__THE TASK__:
Return the whole listing unchanged. Drop the images.

__GIVEN INFORMATION__:
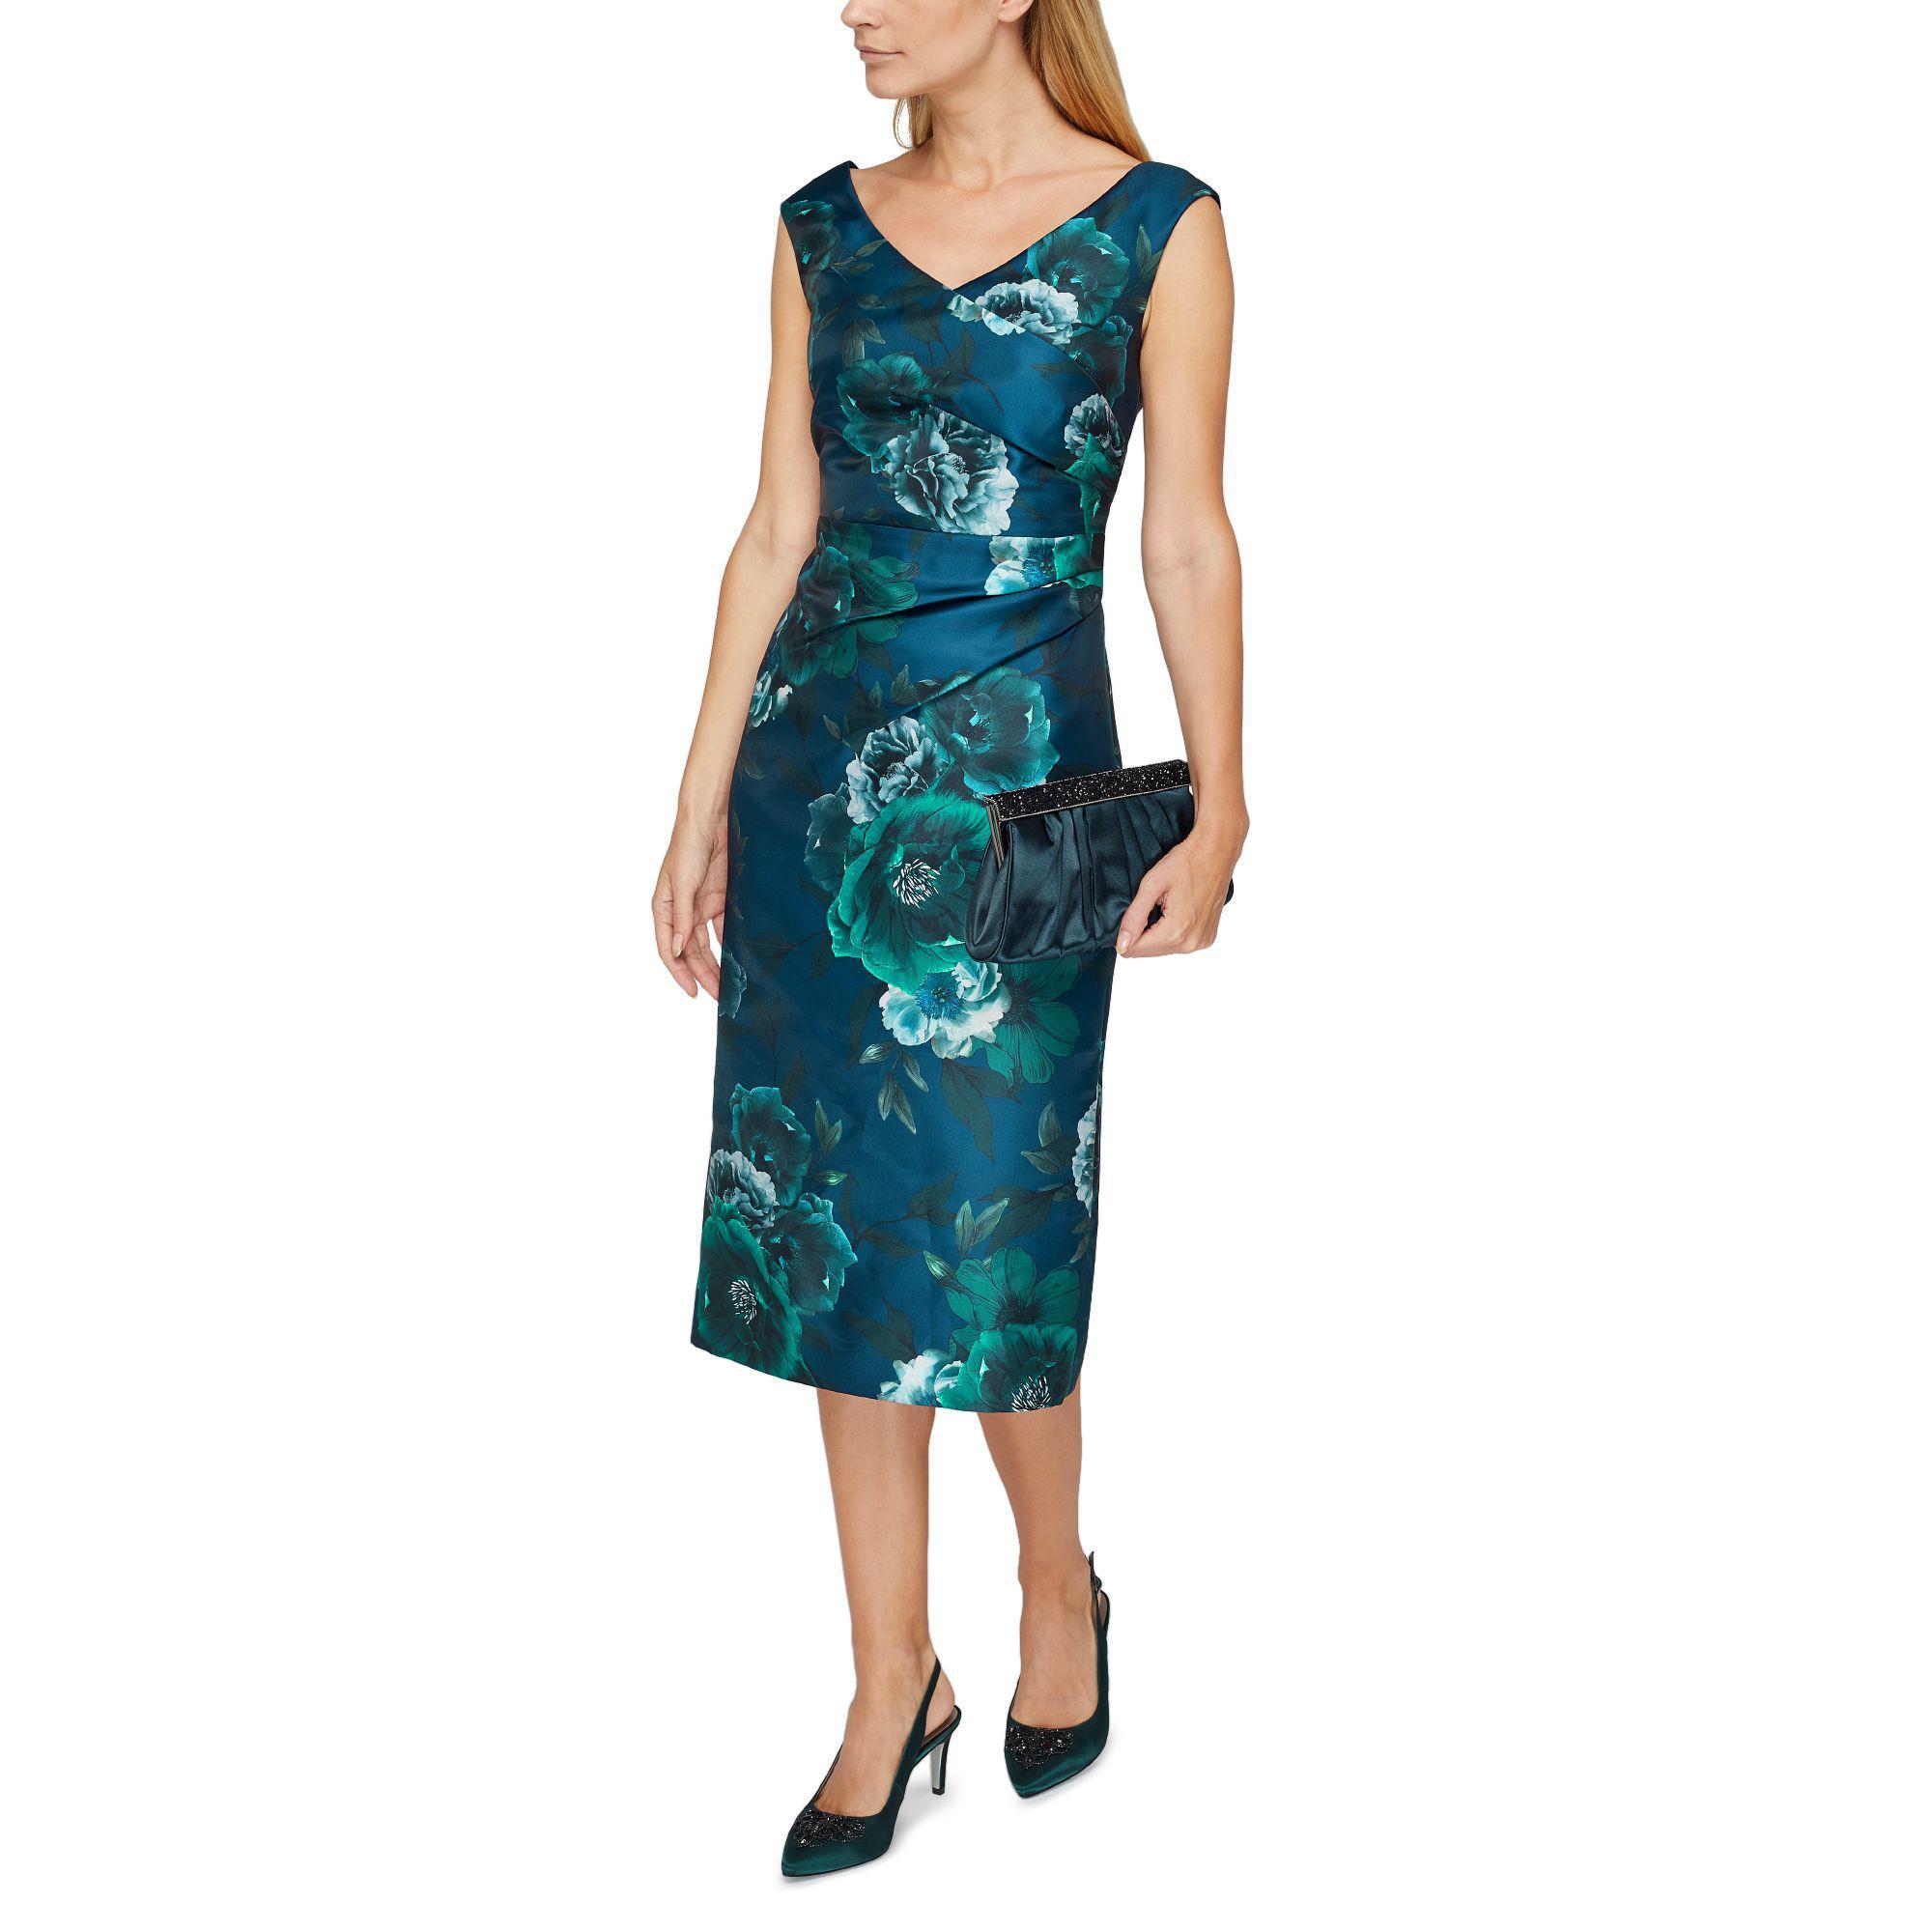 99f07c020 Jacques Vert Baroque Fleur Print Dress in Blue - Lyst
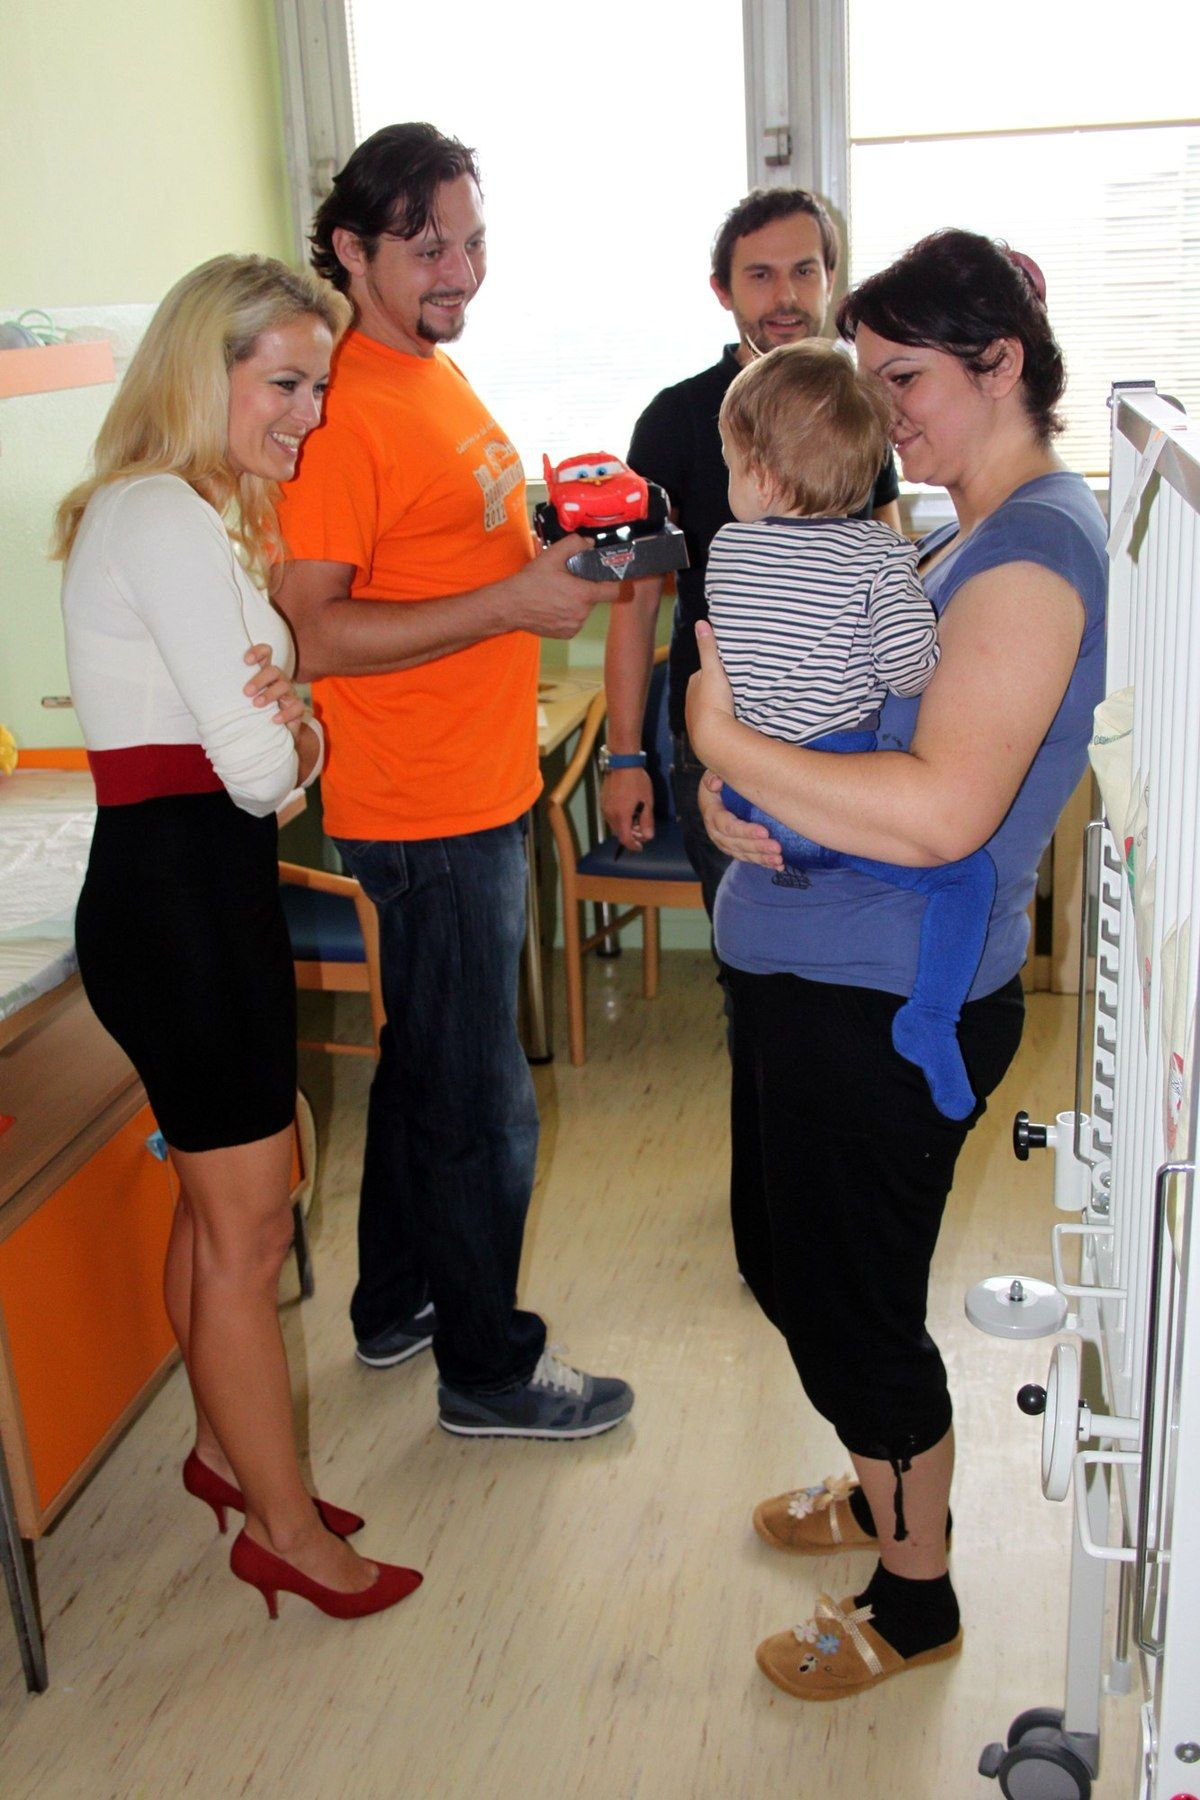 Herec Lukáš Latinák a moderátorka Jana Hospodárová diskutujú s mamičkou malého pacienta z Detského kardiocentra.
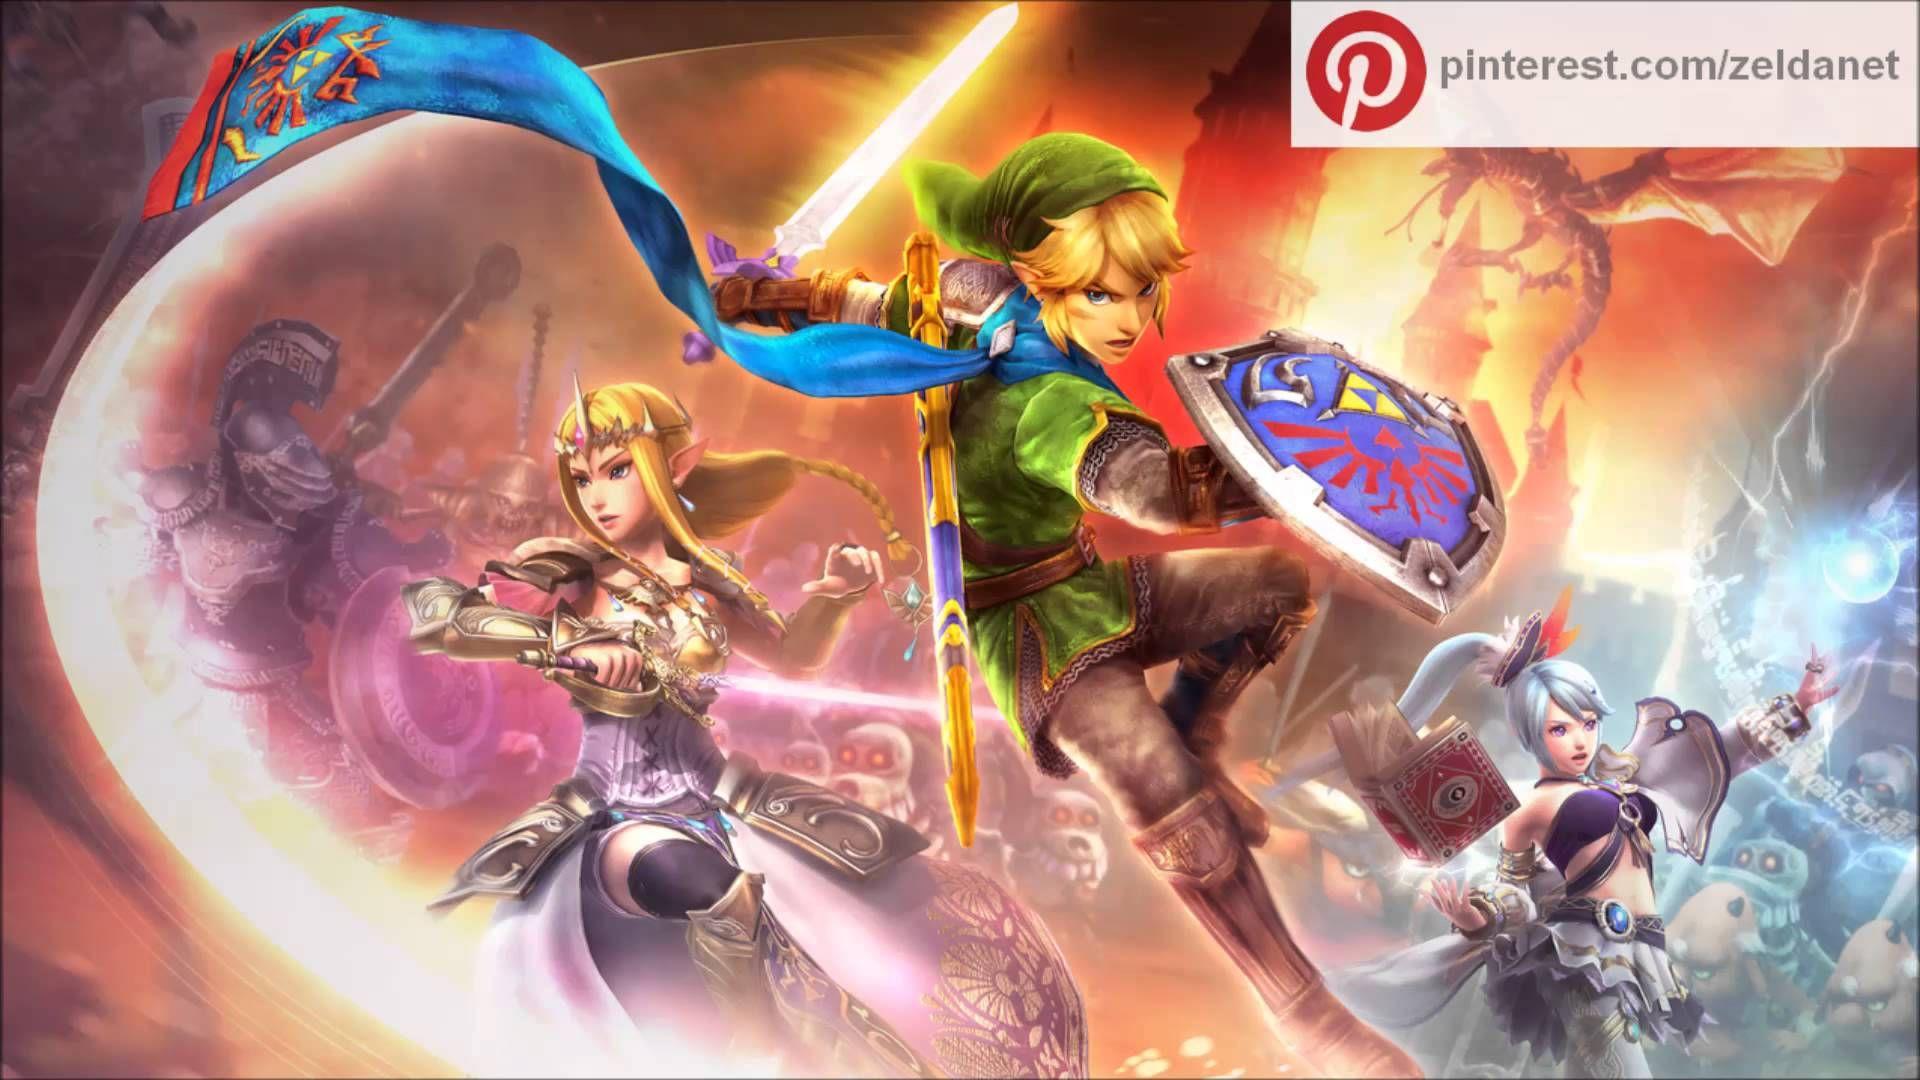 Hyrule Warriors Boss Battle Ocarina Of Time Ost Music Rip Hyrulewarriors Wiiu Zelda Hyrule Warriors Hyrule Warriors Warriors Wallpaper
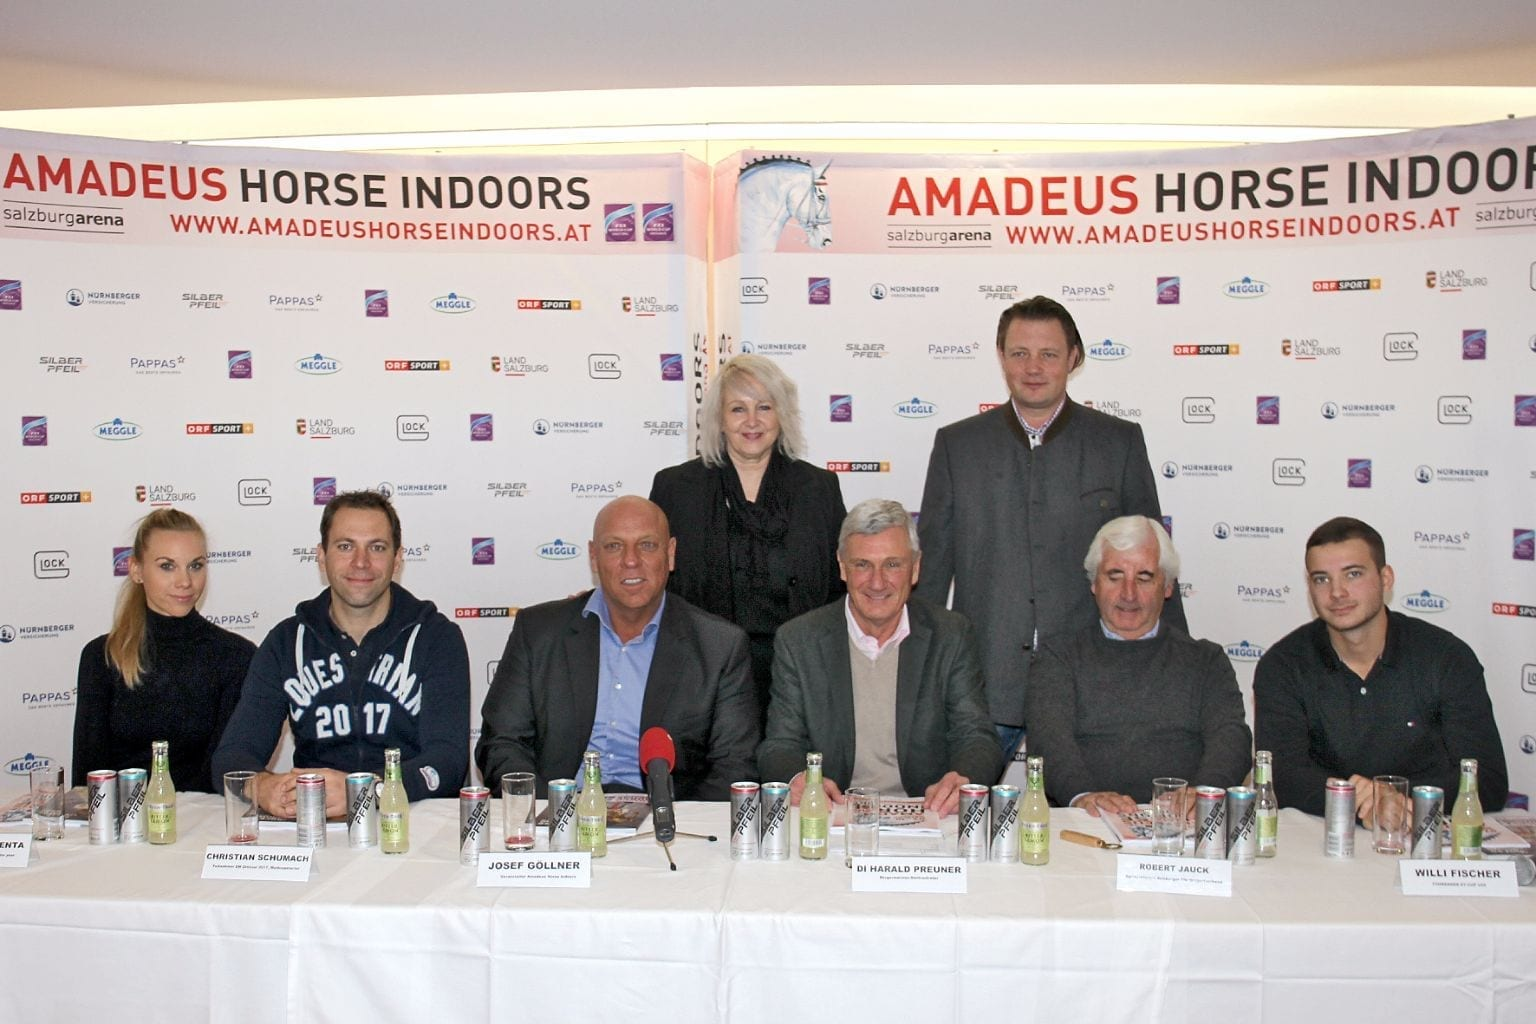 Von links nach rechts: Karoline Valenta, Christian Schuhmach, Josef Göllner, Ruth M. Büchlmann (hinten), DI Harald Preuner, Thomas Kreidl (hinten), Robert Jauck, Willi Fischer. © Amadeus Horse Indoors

__ANSWER__:
 99f07c020 Jacques Vert Baroque Fleur Print Dress in Blue - Lyst
 Herec Lukáš Latinák a moderátorka Jana Hospodárová diskutujú s mamičkou malého pacienta z Detského kardiocentra.
 Hyrule Warriors Boss Battle Ocarina Of Time Ost Music Rip Hyrulewarriors Wiiu Zelda Hyrule Warriors Hyrule Warriors Warriors Wallpaper
 Von links nach rechts: Karoline Valenta, Christian Schuhmach, Josef Göllner, Ruth M. Büchlmann (hinten), DI Harald Preuner, Thomas Kreidl (hinten), Robert Jauck, Willi Fischer. © Amadeus Horse Indoors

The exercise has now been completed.